Читаем Нагрудный знак «OST» полностью

В глазах осадок голодной усталости и объединяющее со всеми остальными эссенскими выражение постоянного косвенного слежения: за дверью, за теми, кто в эту дверь входит… Выражение из тех, которые тщательно прячут. Голову, например, на подозрительное движение или шорох не поворачивают. Но, когда несколько человек разом не поворачиваются туда, куда им было бы естественно повернуться и взглянуть, это становится очень заметным. Чтобы разрядить напряжение, они устраивали «натуральный» шумок, расходились по койкам, но первую минуту настороженности никогда не могли преодолеть. Настороженность людей, готовых разбегаться, была мне знакома. Это была настороженность, оценивающая возможность для нападения. Весь лагерь – не я один – эту особенность улавливал. Я удивлялся глупости Ивана Длинного, который не понимал, как на него смотрят. Будто отыскивают у него на лбу пятно, о котором он понятия не имеет. У эссенских Иван возбуждался, глаза его, как слезой, наливались искренностью – искали ответной искренности. В барачной комнате, которая казалась продолжением фабричных помещений, так все здесь было закопчено, Иван казался самым красивым или самым полноценным живым существом. Голубизна его глаз была моложе, новее, чем у Аркадия, под молочной живой кожей подвижный румянец – жар здоровья. Ни усталости, ни голодной заторможенности в жестах, в гибкой длинной фигуре. Сама способность его глаз наливаться искренностью, просто гореть ею, бесстрашная готовность ругать немцев, хвастать старшими братьями – тоже от предательского здоровья, которое ни разу не угасало на баланде, на фабричной работе. Ел Иван с полицаями на лагерной кухне. Иногда он вскакивал, сутулился, глубоко засовывал длинные руки в карманы, откровенничал:

– Если бы не я…

И перечислял тех, кто уже погиб бы в концлагере или был бы тут замордован.

– Правильно? – обращался он ко мне за поддержкой.
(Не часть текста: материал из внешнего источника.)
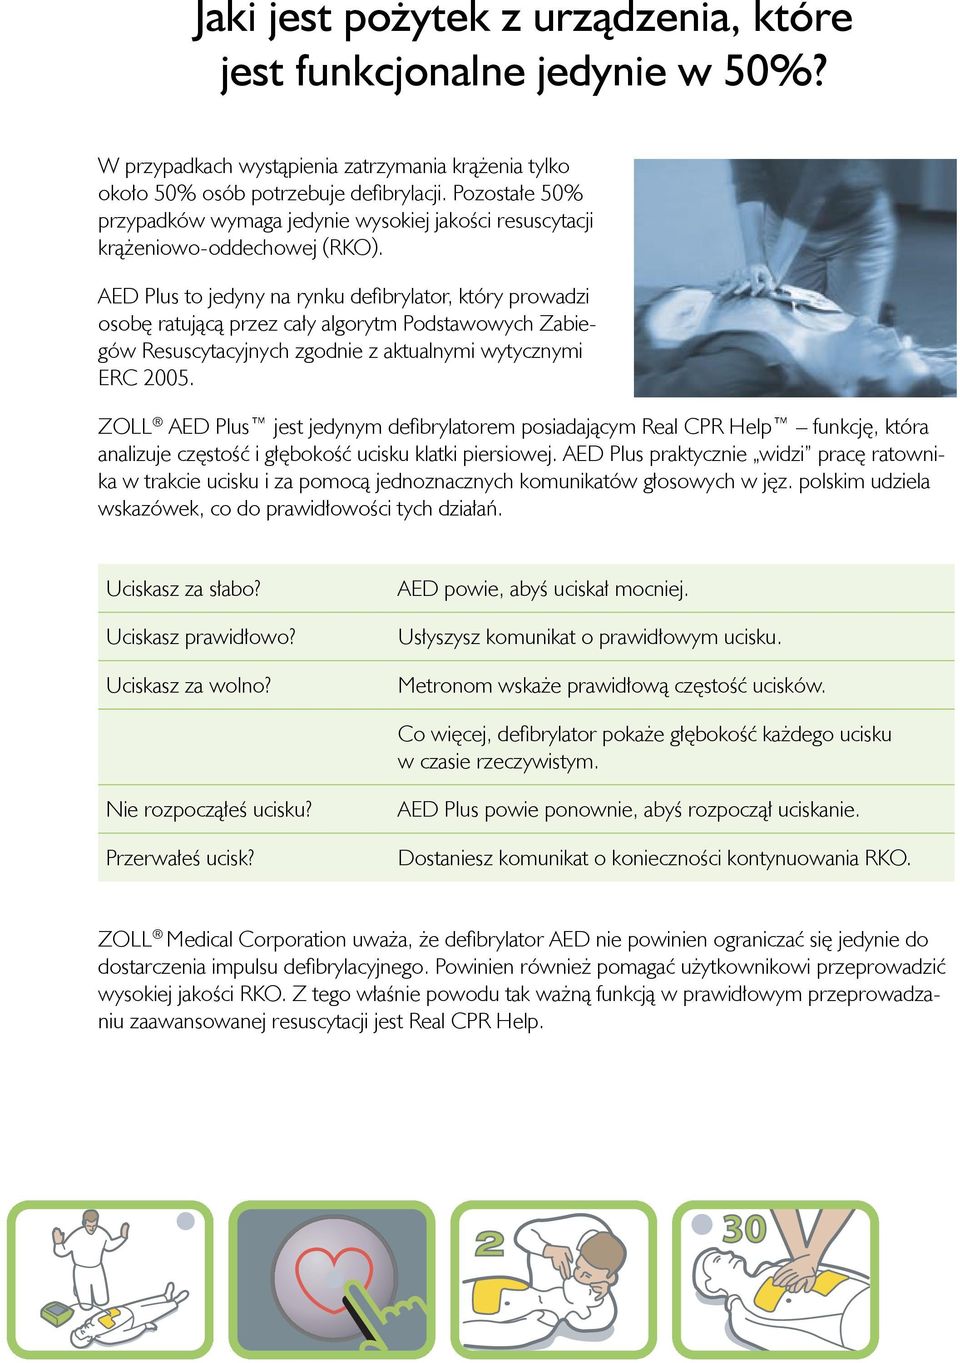 AED Plus to jedyny na rynku defibrylator, który prowadzi osobę ratującą przez cały algorytm Podstawowych Zabiegów Resuscytacyjnych zgodnie z aktualnymi wytycznymi ERC 2005.
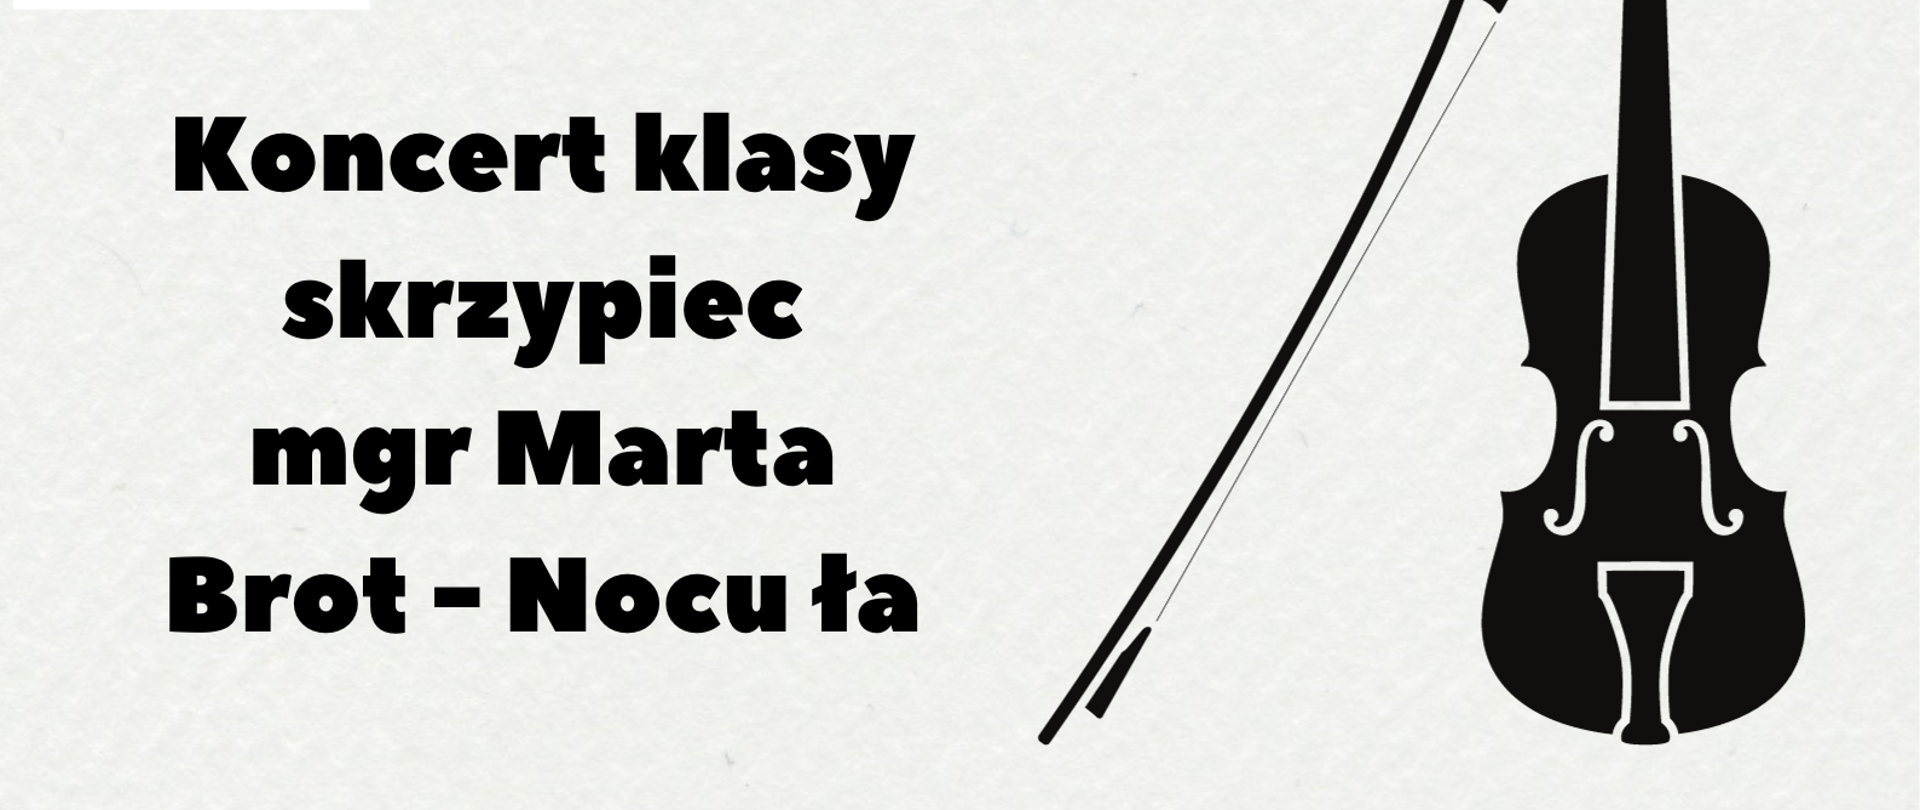 Plakat Koncerty klasy skrzypie mgr Marty Brot-Nocuły. W lewym górnym rogu plakatu znajduje się logo szkoły muzycznej, po prawej stronie umieszczona została czarna grafika przedstawiająca skrzypce. W dolnej części plakatu znajduje się ozdobna pięciolinia ze znakami muzcznymi.

Я помнил, как враждебно он нас встретил, когда нас впервые привезли в этот лагерь, как я по загорелой коже, по необыкновенной густоте и картинности пшеничного чуба, в котором тоже сказывался избыток каких-то сил, просто по тому объему, который в пространстве занимало его тело (все мы давно уменьшились, ссохлись), сразу догадался, кто он такой.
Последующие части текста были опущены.